Unutulan fakat silinmeyen


Ne var ki; bütün hafızalarımızı ve deneyimlerimizi hatırlamayız. Hayatımız boyunca kendimizi pek çok defa çok temel bilgi gerektiren sorulara cevap ararken ve bu bilgi boşluklarının nereden kaynaklandığını düşünürken buluruz. Örneğin; pek çoğumuz okulda geçirdiğimiz bütün o zamanlara ve yıllar önce bu bilgiye sahip olmamıza rağmen --örneğin-- üçgenin belirli bir açısını nasıl bulabileceğimizi ya da mikroskobik canlıların yaşam koşullarının neler olduğunu hatırlayamayız.

Peki, öğrendiğimiz bu bilgileri neden kaybediyoruz? Bu bilgiler beynimizde hala erişilebilir durumda mıdır yoksa tamamen yok mu olmuştur?

Bu sorulara cevap verebilmemiz için hafızamıza dair biraz daha derinlemesine bakmamız gerekir. Hafızayı, iki bileşeni olan bir fenomen olarak düşünebilirsiniz. Bu bileşenlerden birisi, bir hatıranın kodlanma süreci olan; depolama (kaydetme), diğeri ise geri çağırma süreci olan; hatırlamadır.
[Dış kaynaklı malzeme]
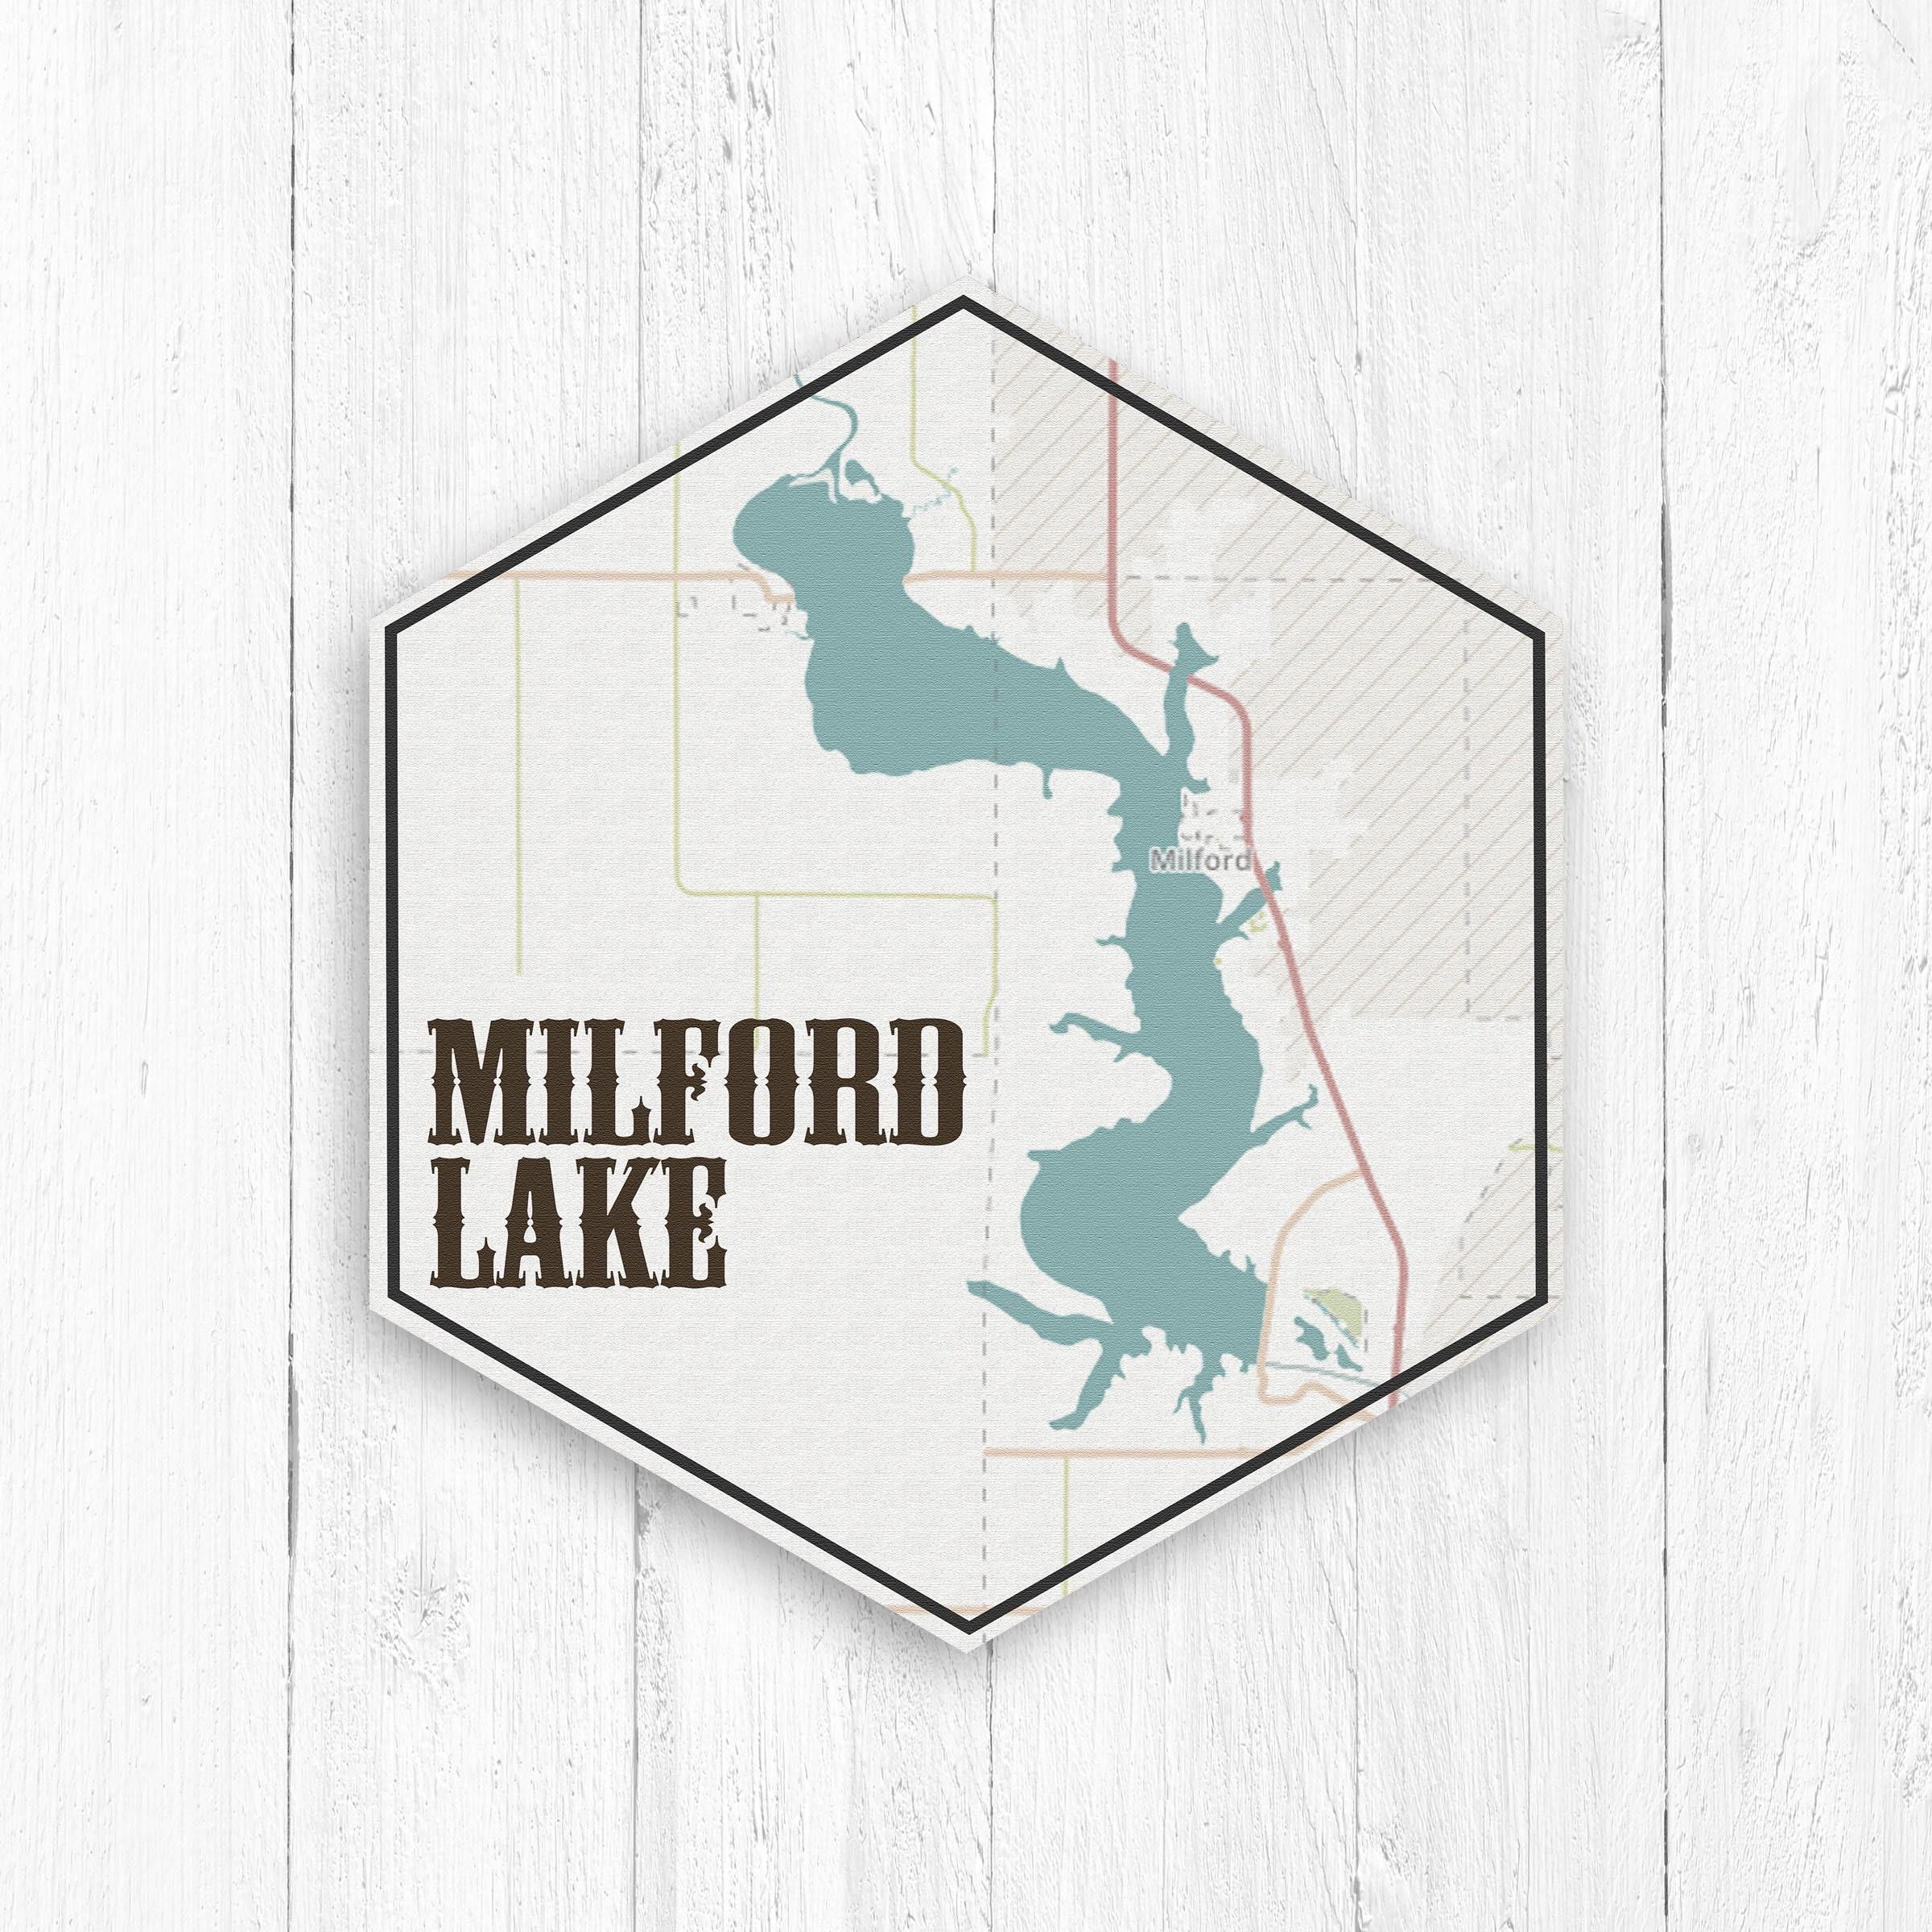 Milford Lake Kansas Map.Milford Lake Kansas Hexagon Canvas Milford Lake Canvas Lakes Of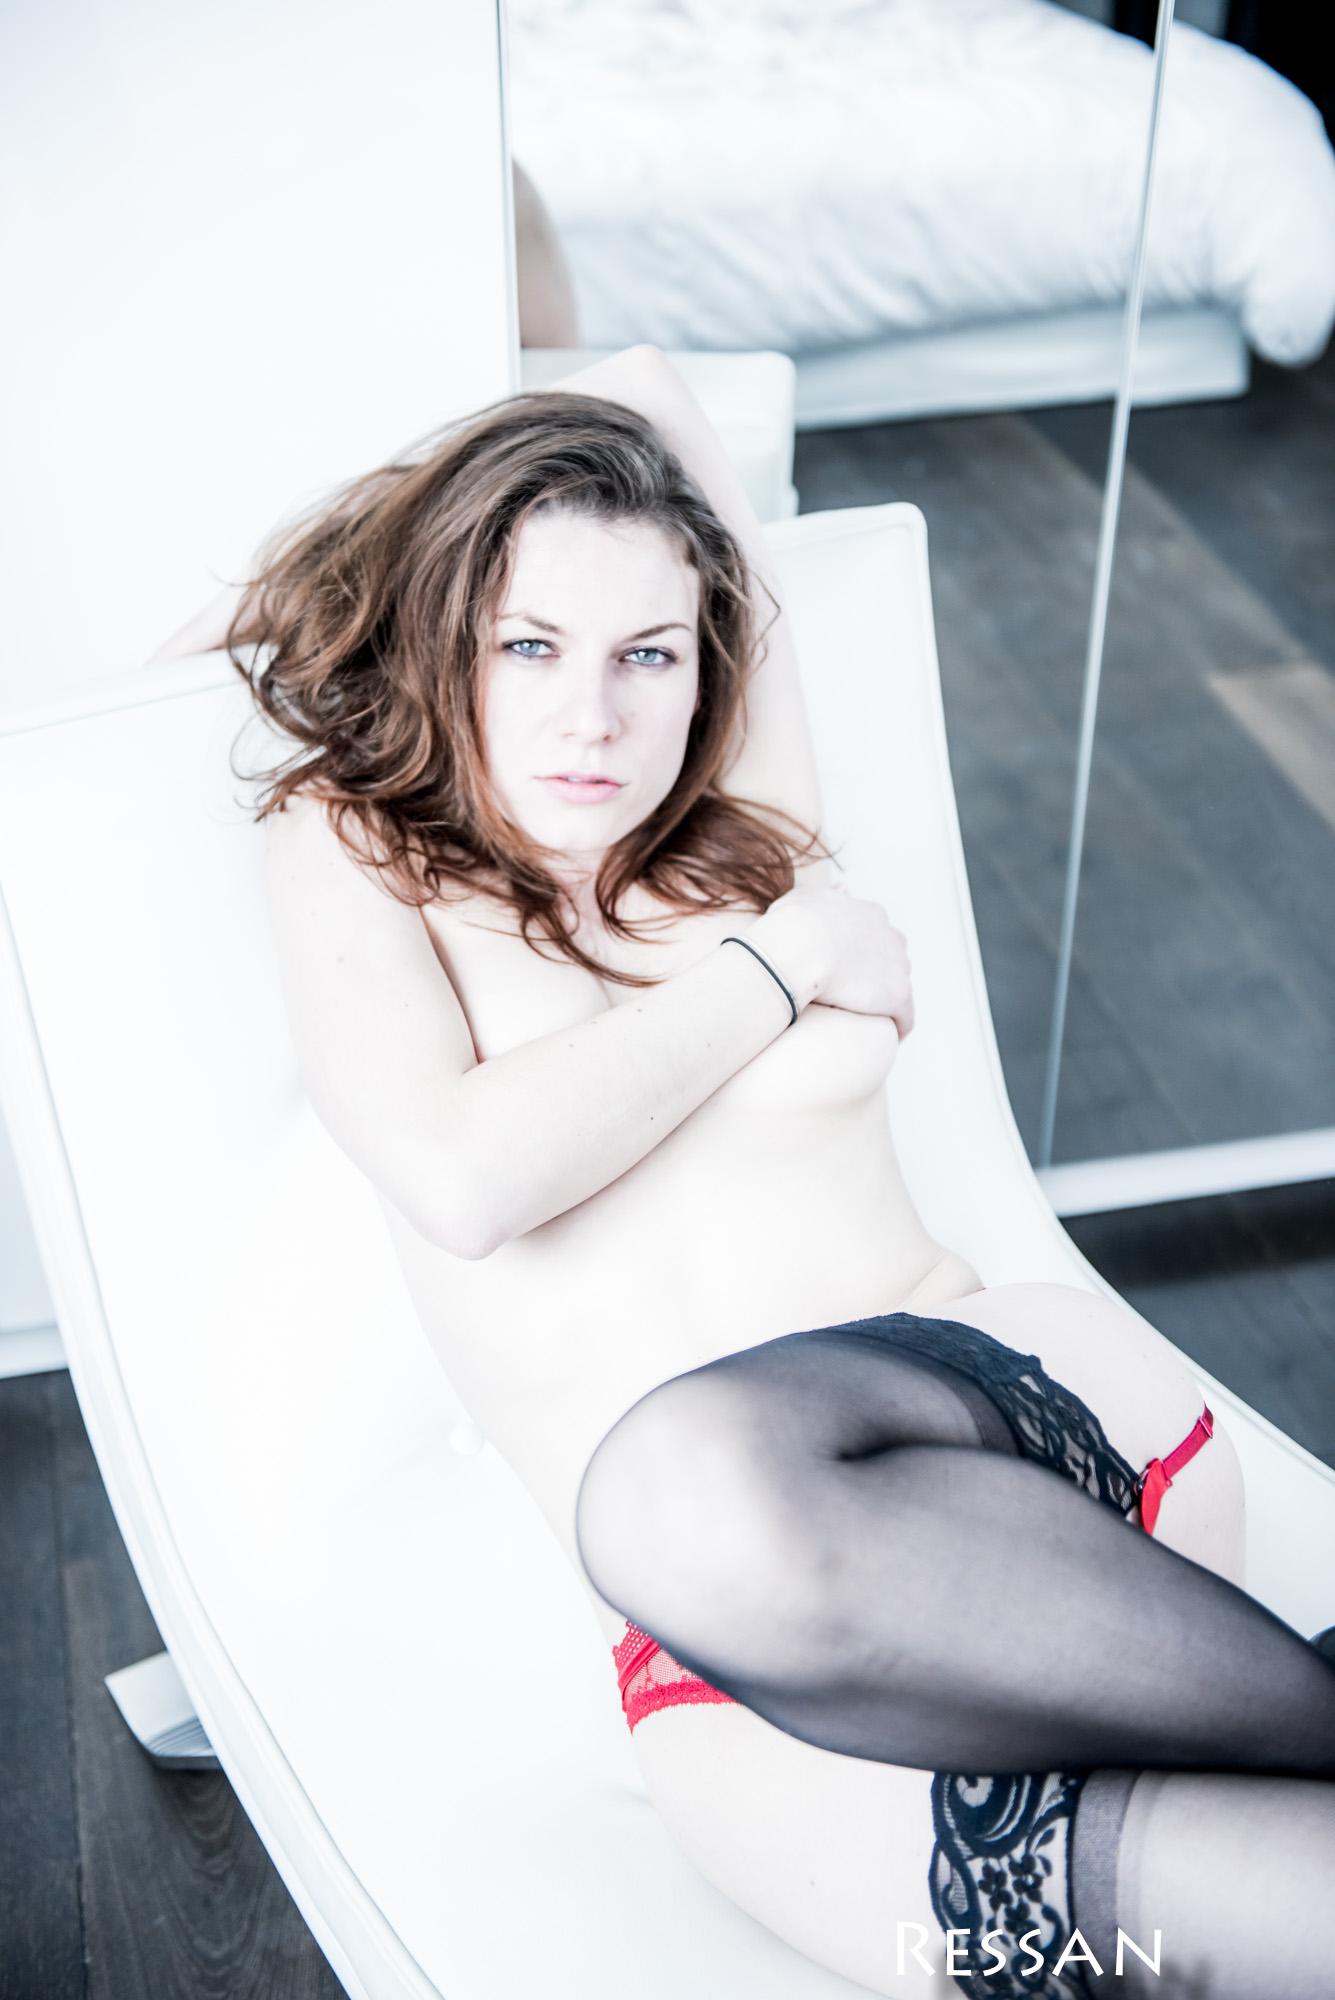 julie_Clo_fabian_mars2015-970

Bir deneyimin ardından, hafızalarımız öncelikle kısa süreli belleğimizde depolanır ve ardından da uzun süreli belleğimize transfer edilebilir.

Kısa süreli hafızamız, sınırlı kapasiteye (yaklaşık 7 öge) ve sınırlı süreye (15-30 saniye) sahiptir. Kısa süreli hafızamız, kapasitesi bakımından iki şekilde test edilmiştir.  Bunlardan ilki 1956 yılında Geoger Miller tarafından yapılan deneyler sonucunda aynı anda hafızada tutulabilecek "öge sayısı" şeklinde ortaya çıkarılmıştır. Miller; kısa süreli hafızamızda aynı anda tutabileceğimiz öge sayısına ilişkin "sihirli" sayı 7 yaklaşımını öne sürmüştür. Yapılan deneylerde, kısa süreli hafızamızın 7 öge limiti vardır ve bu kapasite, +-2 şeklinde değişebilir. Bu ögeler; harfler olabilir, kelimeler olabilir, kısa cümleler ya da sayılar olabilir. Yani kısa süreli hafızamızda aynı anda 7 harf, 7 sayı veya 7 kelime tutabiliriz.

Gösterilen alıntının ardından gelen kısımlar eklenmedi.